I like the idea of trying something new, but between making claims like this without linking to full explanation and calling the thing SSH3 like it’s officially a new version… I’m not happy how they approach things.
It makes me wonder though, who has the right to name something SSH-3. Not legally, but rather who can we agree is the right set of people to assign that name. At least http3 existed under a different name and got adopted by standards body later.
I mean the name ssh is not really protection worthy, in the end the original implementation sshv1 apparently eventually became proprietary it self.
Though when it comes to the process, that’s some good feedback nevertheless. Perhaps someone should open an issue on their GitHub.
IETF initial working name for ssh-2 was “Secsh” and just later became ssh-2, so one might expect the same for anyone attempting to create a new ssh version.

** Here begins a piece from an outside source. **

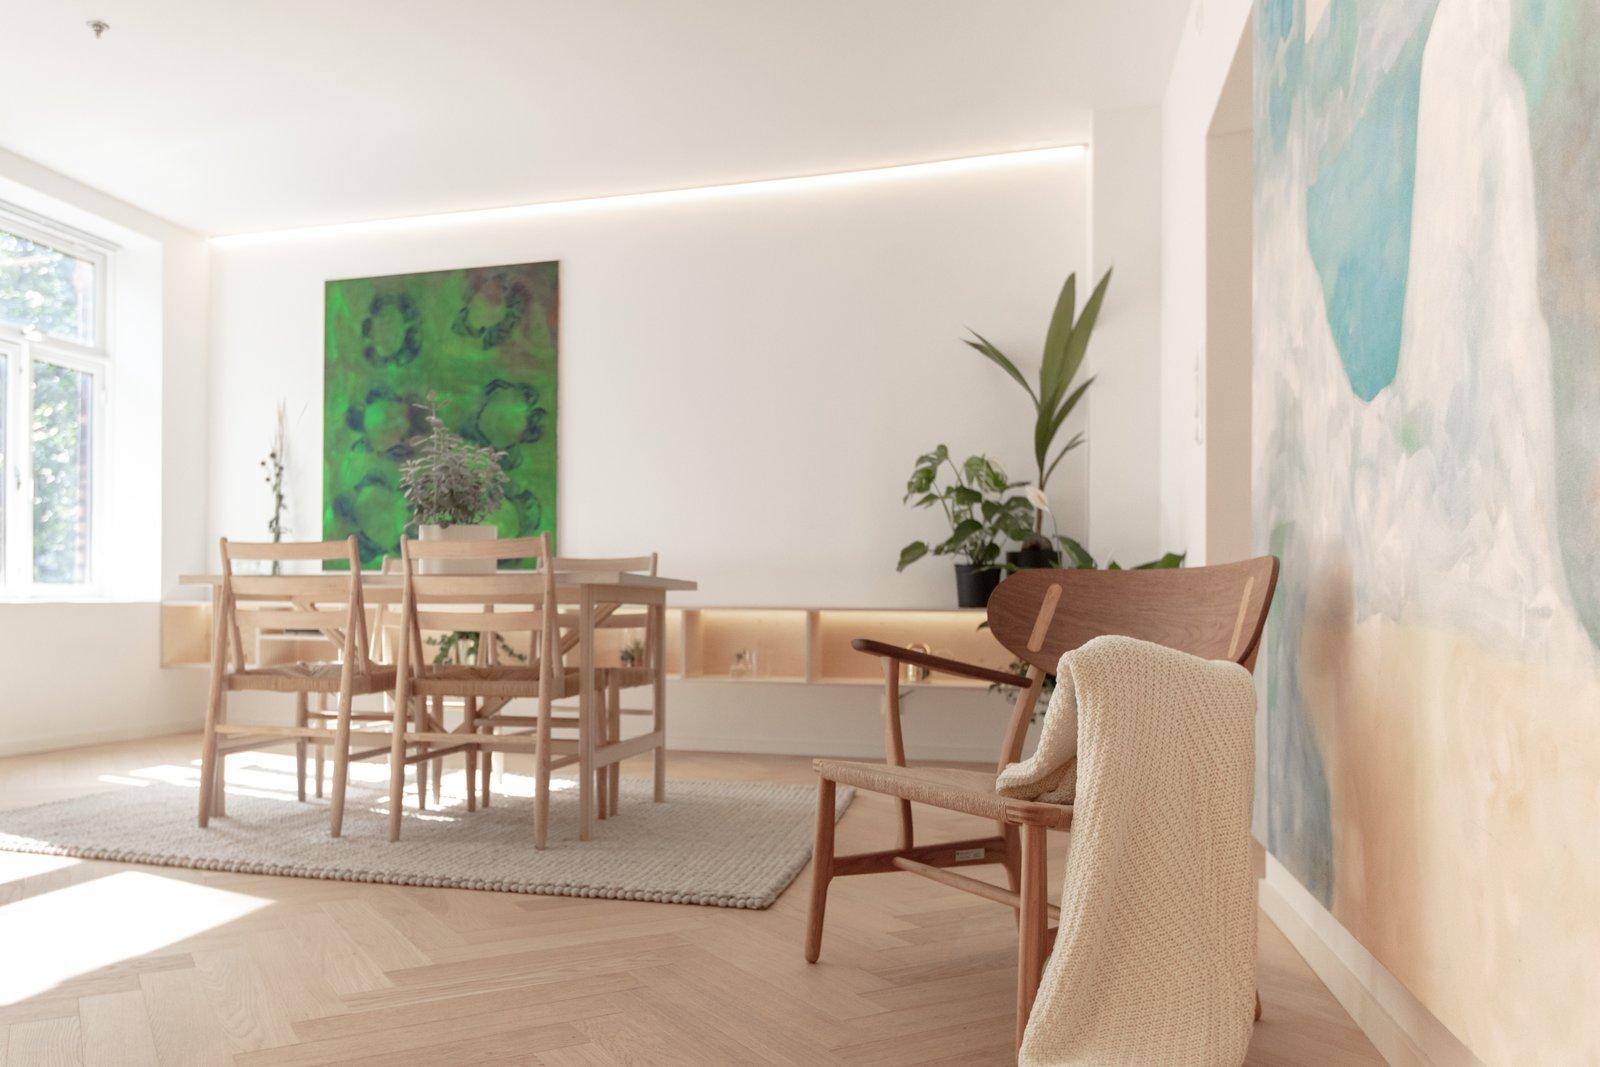 Living Room, Medium Hardwood Floor, Ceiling Lighting, and Chair Living room  Scandinavian/Japanese concept home in Oslo city center

In the end, I’m surprised there aren’t more attempts to lift ssh to a newer standard, a lot has moved. Now with ssh-3, but also with mosh and rise of the web, networked microcontrollers and so on there is definitively a great opportunity to do so.
At the same time, OpenSSH is like the cathedral on top of a mountain on an island. Carefully engineered, slowly crafted with a lot of thoughts spent on very important aspects (private keys encrypted in memory comes to mind), and whatever comes next should hopefully be on par with that later on.
QUIC is the first time it was really worthwhile. The SSH protocol itself is fairly modular. You can plug in new encryption schemes, different hash schemes, and even different key types pretty trivially. Most of the evolution has been in that direction. We’ve moved from RSA to ECDH fairly smoothly over the last few years and you can store keys in TPMs or U2F tokens easily. SSH supports multiple channels and different out-of-band message types, so it’s easy to extend.
About the only thing that would require changes would be replacing TCP. SCTP never took off, so QUIC is the first thing that looks like a plausible replacement. QUIC bakes in a lot of the security at a lower level, so just running SSHv2 over QUIC is probably not useful and you need different encapsulation.
It’s also not supporting the new versions of the various protocols. I recently implemented an sftp server and was quite surprised to discover that OpenSSH doesn’t support anything newer than v4 (the latest RFCs are for v7).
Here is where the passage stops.